Our current understanding of climate and the role of CO2 and other greenhouse gases in affecting it did not come about because of some massive collusion of scientists. It came about because it best explains the facts and data…and, in fact, despite the fact that there was a lot of resistance to various aspects of it for quite some time. (For example, there were questions about whether the CO2 from burning fossil fuels would actually accumulate in the atmosphere and questions regarding how increases in CO2 would translate into increases in radiative forcing.) The theory had to win over many skeptics, in the true sense of the word over the last century or so…and, unfortunately, many of the arguments today made against it relate to scientific issues that were settled decades ago.
Perhaps for the same reason that most scientists in the field can’t – because most of the available evidence does not support them.
Joel Shore (18:41:56) : no theory and no observational data set are ever without their problems.
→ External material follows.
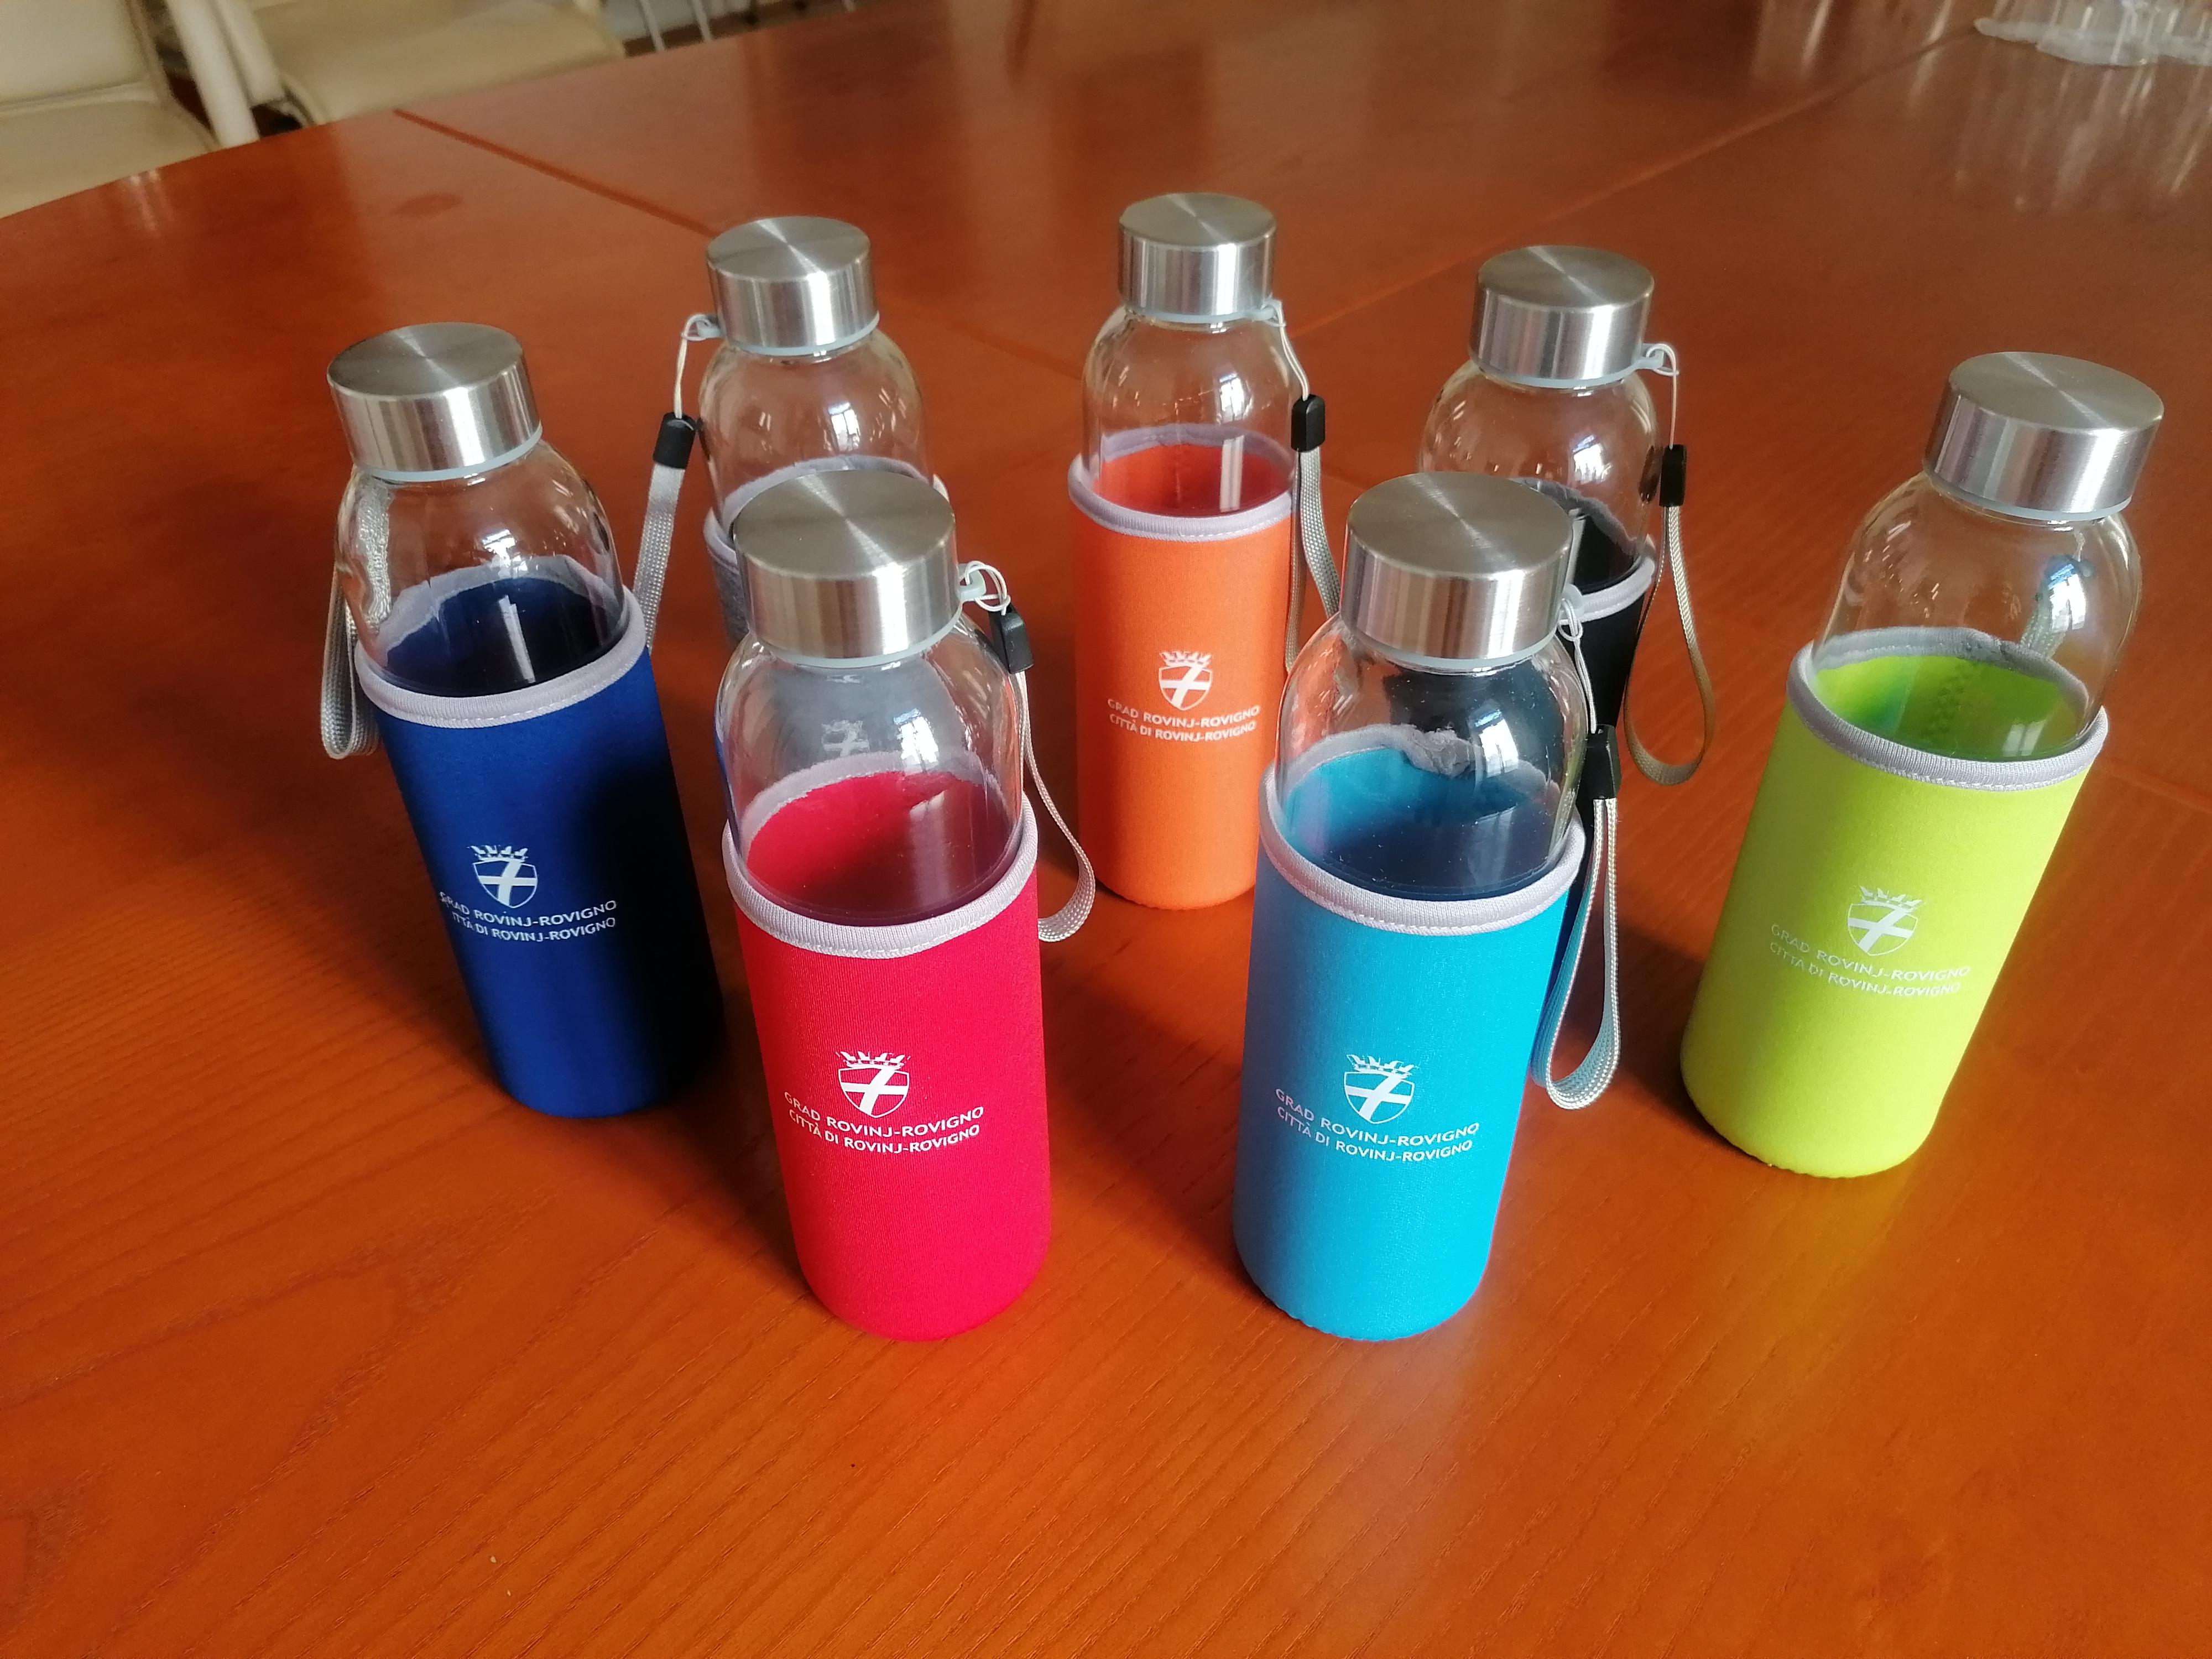 Gradska uprava Rovinja-Rovigno se odrekla vode za piće iz jednokratnih plastičnih boca i prešla na staklo i vodu iz slavine!

The AGW has much more than its fair share of its “problems” to be classed as a theory and hence cannot be looked upon as the gospel truth – in fact far from it.
Joel Shore: The only one that still possibly remains is the “hotspot” (tropical tropospheric amplification) in the tropics
Thats not the only one that “possibly remains. Others are Global temperatures failing to warm; Peer-reviewed studies predicting a continued lack of warming; a failed attempt to revive the discredited “Hockey Stick”; inconvenient developments and studies regarding rising CO2; the Sun; Clouds; Antarctica; the Arctic; Greenland’s ice; Mount Kilimanjaro; Causes of Hurricanes; Extreme Storms; Extinctions; Floods; Droughts; Ocean Acidification; Polar Bears; Extreme weather deaths; Frogs; lack of atmospheric dust; Malaria; the failure of oceans to warm and rise as predicted and many others.
Joel Shore: Over the timescales of hundreds of millions of years to billions of years, there may be some need to explain why our climate has remained within certain bounds
I am not talking about Hundreds of millions or billions of years but just ,10,000 years of our present Holocene interglacial. Our present warming is nothing unusual withing this period and some so called “scientists” have attempted fraudulently to concoct evidence to refute this which makes the AGW hypothesis all the more suspect.
The Holocene Climatic Optimum (wonder why it was called optimum? which means the best or most favourable), which lasted for 4,000 years the temperatures were upto 4 C warmer near the North Pole, 6 to 9 C warmer in northern central Siberia. The Medieval Warm period was upto 1.2C warmer than today.
So not only only are we less warm today than we have been naturally in the past, but these much warmer temperatures caused the Earth no catastrophe. Today we are jumping up and down because it is alleged, by a highly suspect hypothesis, that the Earth might warm by 3C.
Joel Shore: Richard: “Why cant you understand these simple things?”
Perhaps for the same reason that most scientists in the field can’t – because most of the available evidence does not support them.
That is not true the evidence does not support the AGW hypothesis and we do not know what most scientists think about this matter.
The hypothesis needs to explain these past warming and subsequent cooling events first before it can have any credibility about its future predictions.
And the perpetrators of this fraud need to be held to account.
Bernie Madoff has been sentenced to 150 years for defrauding investors of $18 billion. The perpetrators of this fraud have defrauded the public of much more.